This fall, my three-year-old started maternelle, a non-compulsory, public pre-K. Gone are those innocent days of babyhood at the wonderful state-subsidized crèche (where care is provided Monday through Friday between eight in the morning and seven at night). This feels like real school now, and already in the first month, it has brought into stark relief some of the best and worst aspects of life in 21st-century France. Last Friday, an email from the director popped up in my phone, alerting parents that the students conducted “a training exercise to react if there was an intrusion into the school.” The goal, the director explained, “was to be locked in classrooms, to lie on the ground or hide (in classes), and to be silent for a few minutes.”

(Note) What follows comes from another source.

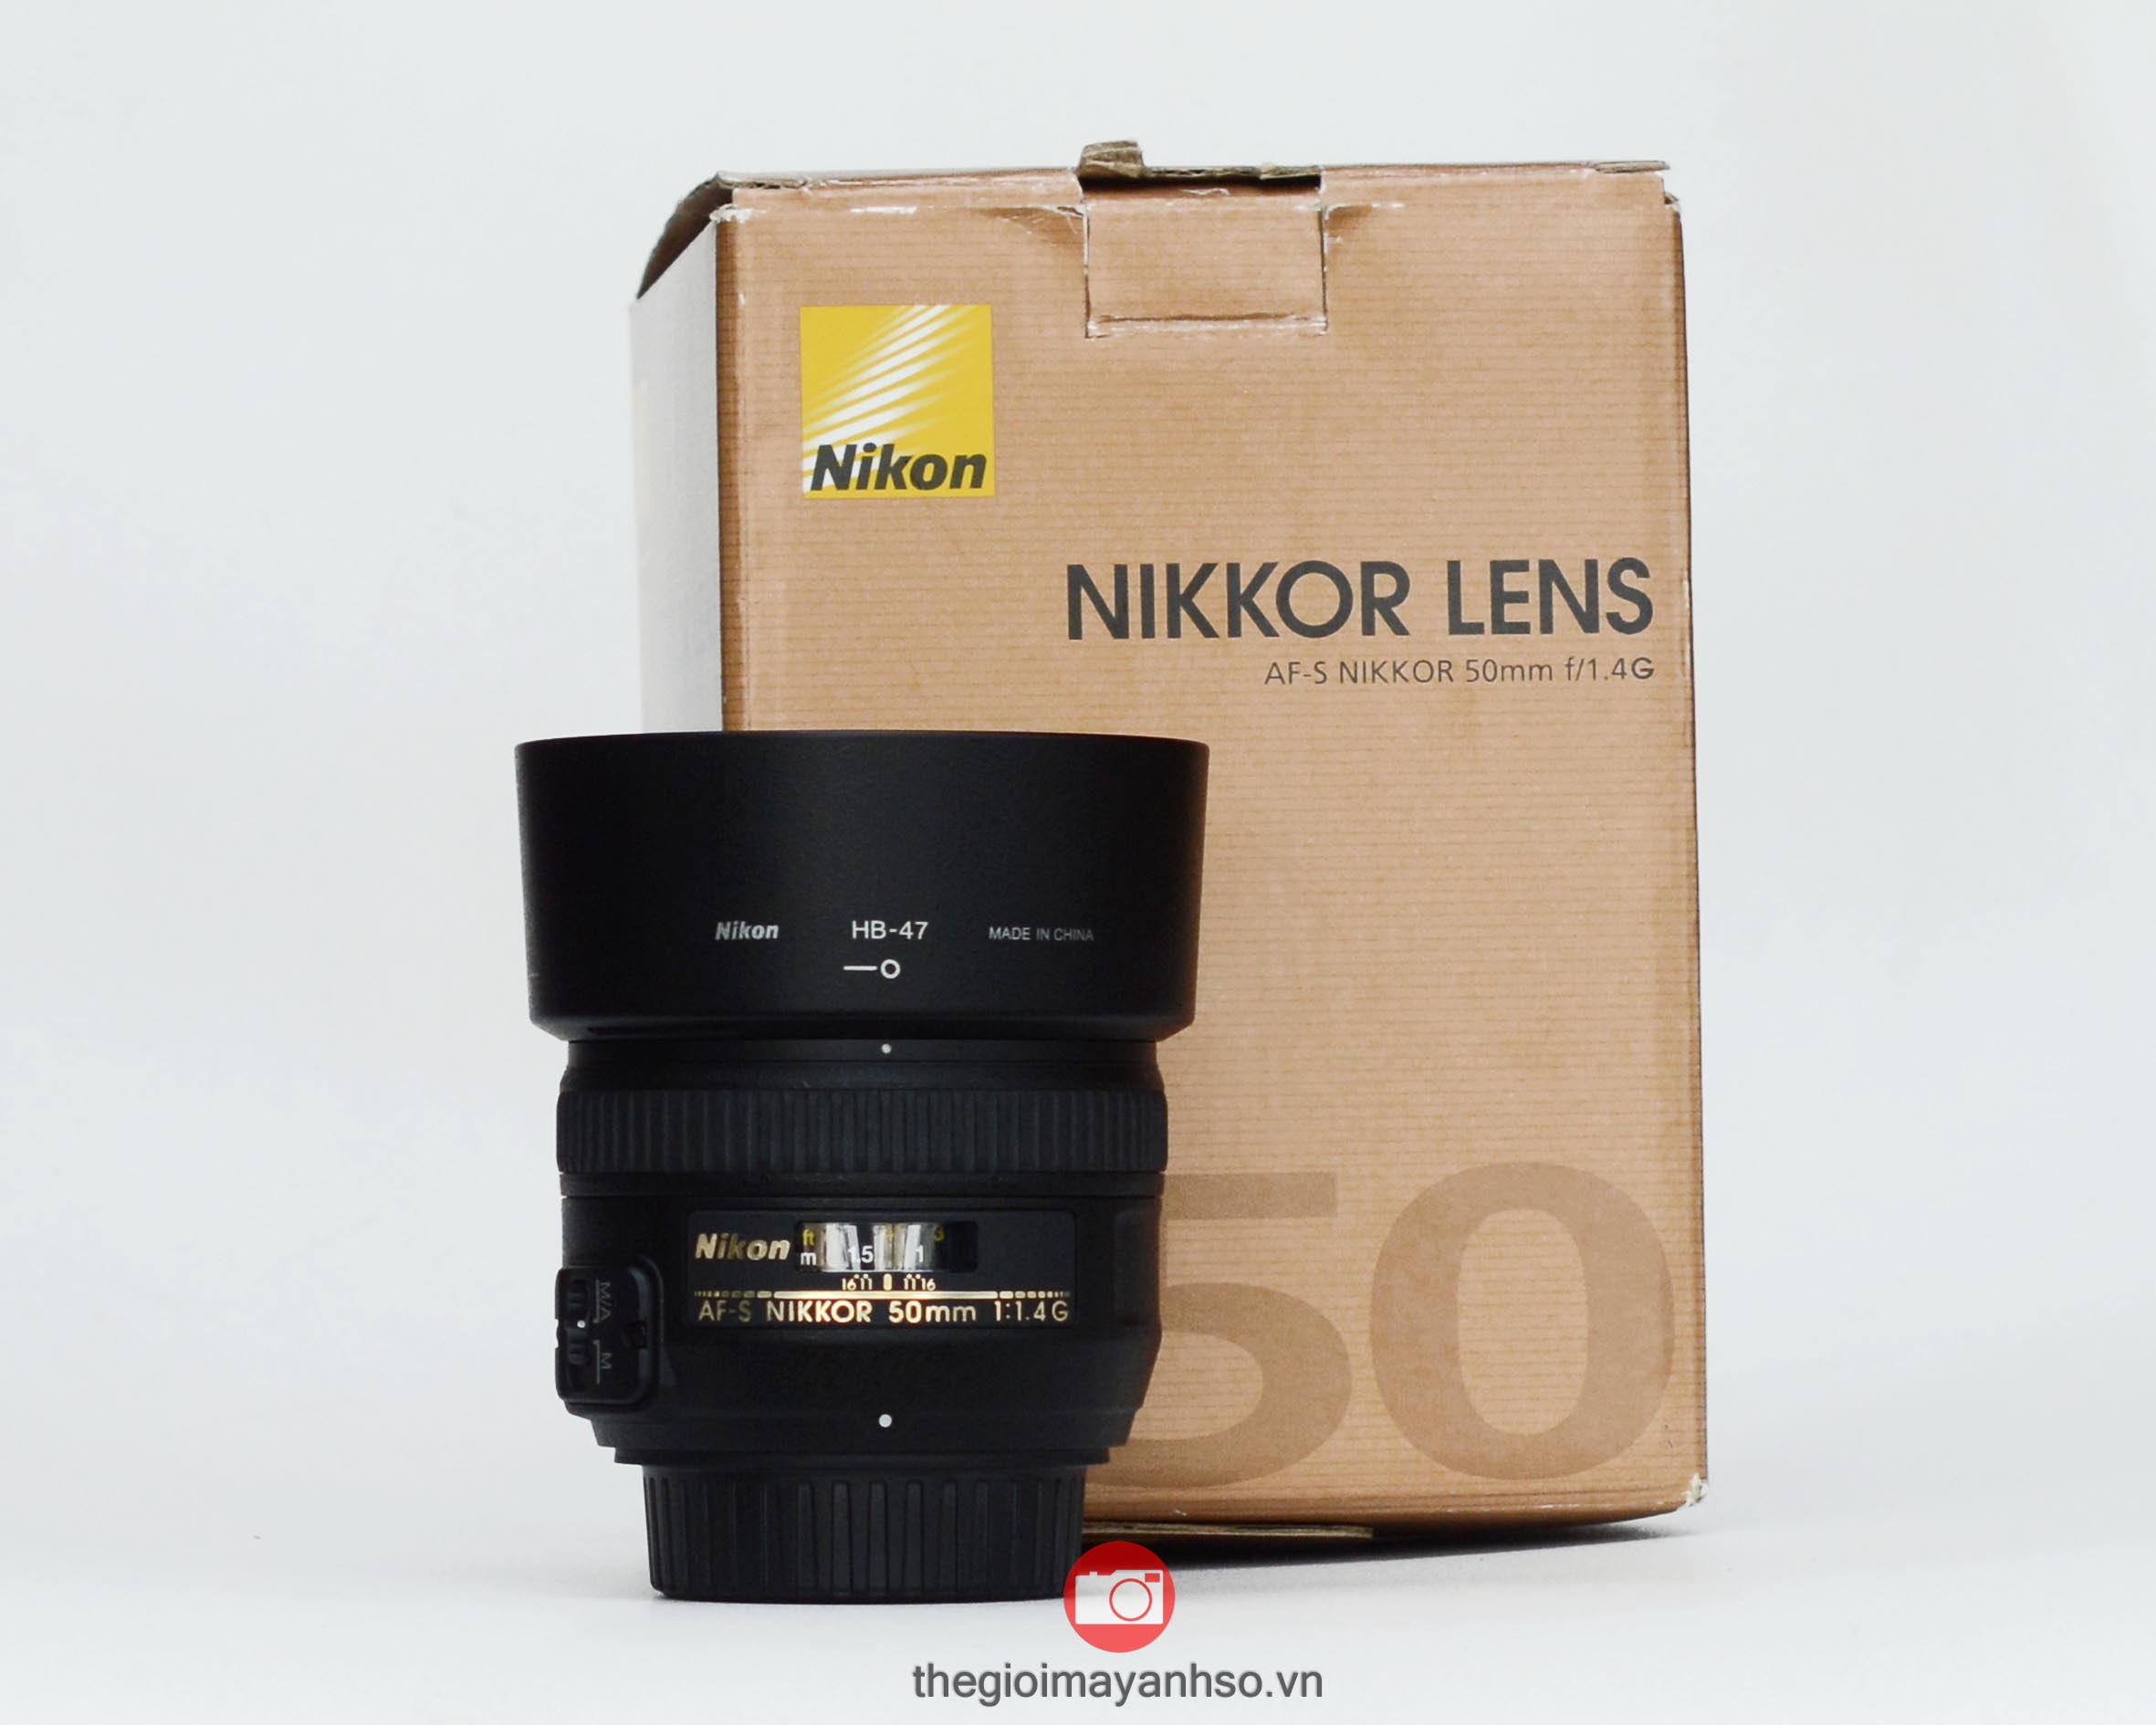 Nikon 50mm f/1.4 G AF-S Thế giới máy ảnh số

The following afternoon at a birthday party, my wife and I found ourselves discussing the director’s email over champagne and Twix bars with the parents of a classmate of my daughter. The mother owns a branding company and the father is an executive at a large fashion label. Like many of the parents at this neighborhood public school, they could easily afford to enroll their child in private school, but they aren’t even tempted to. This is one of the things I admire most about France, and that I’ve come to appreciate, especially when I talk to my brother, who is raising a family in Brooklyn. Although Catholic and Montessori schools certainly exist here, there is nothing like the two-tiered system—one for the affluent, another for everyone else—that many of my American friends must learn to navigate.
Of course, salaries are higher in places like San Francisco or New York, but even nannies are subsidized here. We’ve been fortunate to find an incredible one to pick our daughter up. Which brings me to one of the least flattering features of contemporary France: he’s a 30-year-old engineer out of work.